In human dentition, a normal eruption occurs by the axial movement of a tooth from its non-functional, developmental position in the alveolar bone to a functional position of occlusion. However, significant deviations from accepted norms of eruption are often observed in clinical practice [1]. In some cases, teeth appear prematurely in an infant’s oral cavity. Premature tooth eruption might be a harbinger of a systemic condition or an indication of altered physiology of the craniofacial complex. Several terms have been used, namely fetal teeth, predeciduous teeth, and dentitia praecox to designate these teeth present at the time of birth or which erupt during the first month of life. Massler et al. defined natal teeth as teeth that are present at the time of birth and neonatal teeth as those that erupt within the first 30 days of life [2].
As very few case reports of natal teeth were published in the past, this anomaly was associated with many myths [3]. The incidence of natal teeth is approximately 1:2,000 to 1:3,000 live births [4]. They can cause feeding problems, ulceration of the tongue, and may pose a risk of aspiration. Natal teeth are associated with many systemic and genetic conditions [5]. We report here an interesting case of natal teeth in a neonate with septic arthritis.

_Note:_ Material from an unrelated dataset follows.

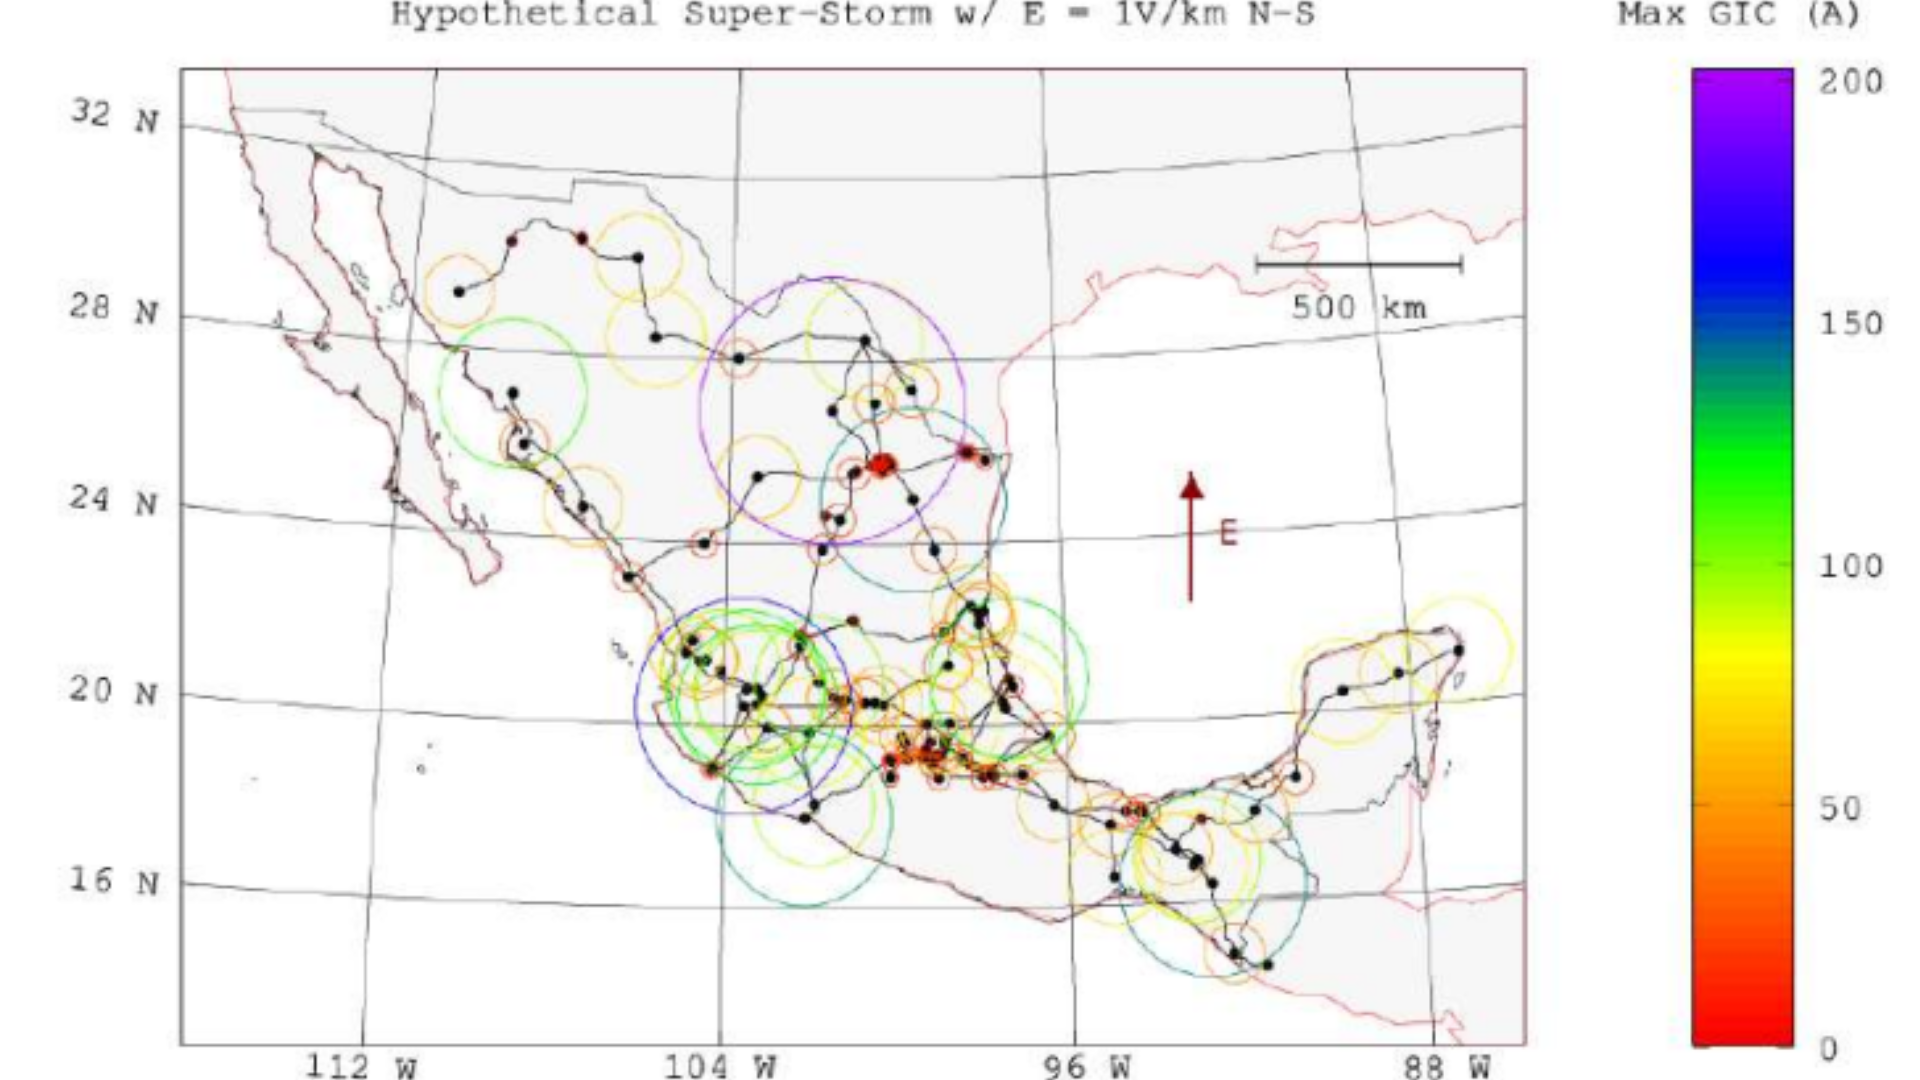 Mapa de modelo sobre los niveles de 
'corrientes geomagnéticamente inducidas' (GIC´s por su acrónimo en inglés)  en una super tormenta hipotética. (captura de pantalla de informe del LANCES y Instituto de Geofísica Unidad Michoacán de la mano con la UNAM)

A 22 -day-old male neonate was referred to the department of pedodontics by his attending pediatrician for the presence of a tooth in the lower jaw since birth and difficulty in feeding. The patient’s mother reported the presence of two teeth in the oral cavity since birth; the right erupted tooth exfoliated four days after birth during feeding as narrated by the mother. On clinical examination of the child, a single mandibular tooth crown was seen in the anterior region. It was whitish and opaque in appearance and exhibited grade I mobility. A diagnosis of the natal tooth was made. The crown size was normal and it was attached to a small pad of soft tissue above the alveolar ridge. No other lesions were observed on the tongue and associated areas (Figure 1).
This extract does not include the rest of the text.